Membership inference attacks: This attack involves an adversary attempting to determine whether a specific individual's data was included in the training data for an AI system, which can be used to exploit any biases in the system's algorithms.

All of these attacks seek to exploit the biases present in an AI system to manipulate its output, leading to potentially harmful consequences.

How it works

A Bias Exploitation attack against AI works by taking advantage of the biases present in an AI system's algorithms. The attack may involve manipulating the training data used to develop the AI system or modifying the input data provided to the system during operation. Here's an example of how a Bias Exploitation attack might work:

Let's say an AI system is designed to predict whether a loan applicant is likely to default on a loan. The system is trained using historical data on loan applicants, which includes information such as income, credit score, and employment history. However, the historical data may contain biases, such as a preference for applicants who are male or who come from certain neighborhoods.

An attacker could exploit these biases by manipulating the training data used to develop the AI system. For example, they could remove data on female loan applicants or those who come from certain neighborhoods. As a result, the AI system's algorithms may become biased towards male applicants or those from certain neighborhoods, leading to incorrect predictions.

Alternatively, the attacker could manipulate the input data provided to the system during operation. For example, they could provide false information about the applicant's income or employment history to trigger biases in the AI system's algorithms. As a result, the AI system may produce incorrect predictions about the applicant's likelihood of defaulting on a loan.

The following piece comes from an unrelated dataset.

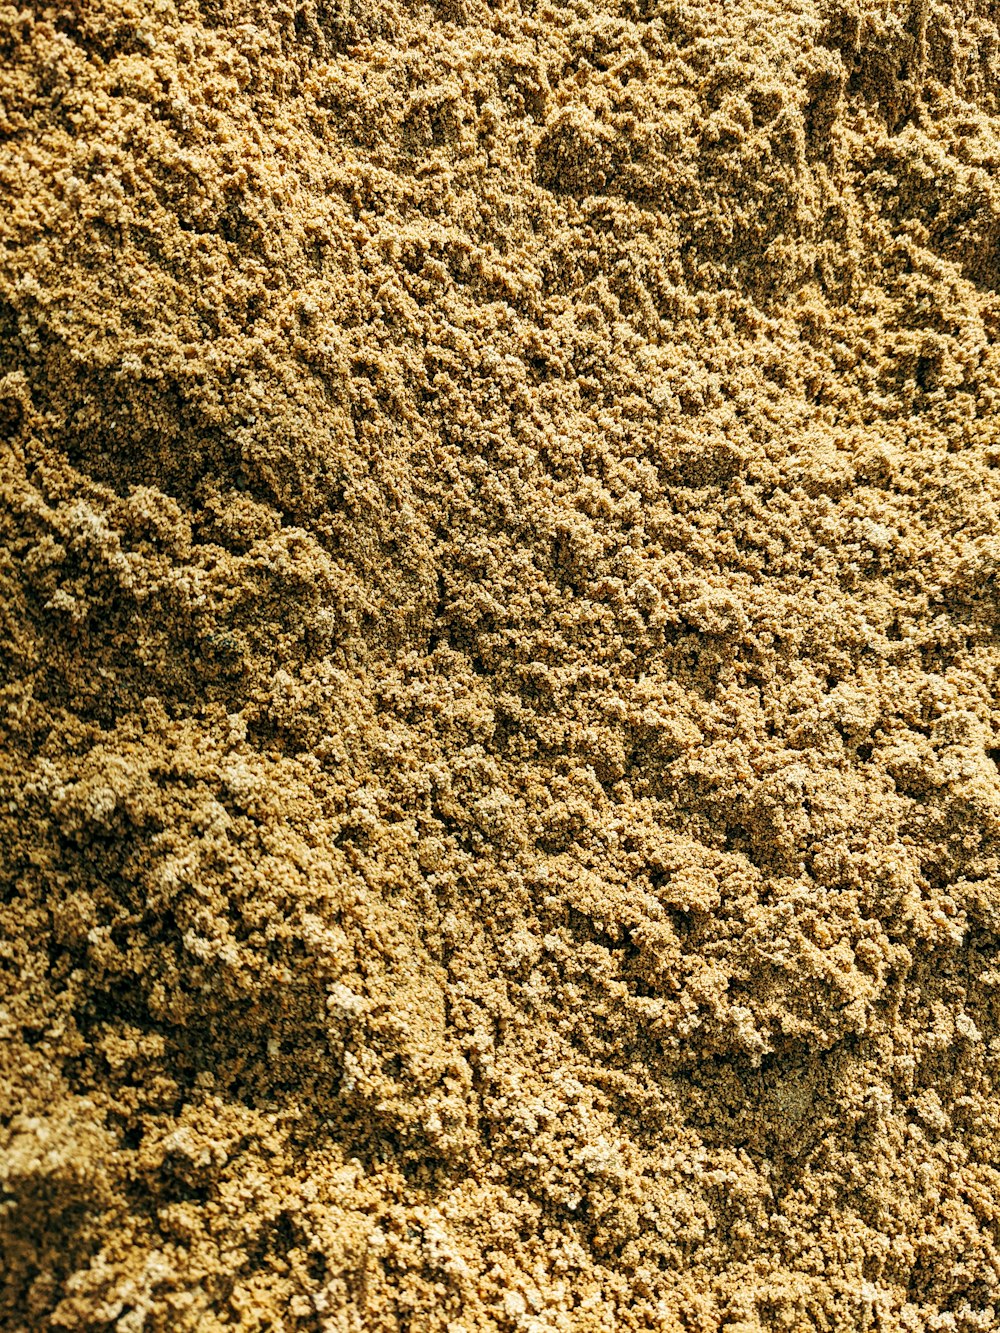 a close up view of a dirt surface

Overall, Bias Exploitation attacks seek to exploit the biases present in an AI system to manipulate its output, leading to potentially harmful consequences.

Why it matters

The negative effects of a Bias Exploitation attack against AI can be significant and wide-ranging. Here are some examples:

Discrimination: Bias Exploitation attacks can cause an AI system to produce discriminatory output, such as denying loans or job opportunities to certain groups of people based on their race or gender.
Unfair treatment: If an AI system is biased, it may treat certain individuals unfairly, leading to negative consequences such as incorrect medical diagnoses or wrongful arrest.
Decreased trust: If an AI system is found to be biased, it can lead to a decrease in trust in the system and the organization that developed it. This can be detrimental to the adoption and usage of the AI system.
Inaccurate results: A Bias Exploitation attack can lead to inaccurate results, which can cause problems in fields such as healthcare, where incorrect diagnoses can have life-threatening consequences.
Legal issues: If an AI system is found to be biased, it can lead to legal issues and lawsuits, which can be costly and damaging to an organization's reputation.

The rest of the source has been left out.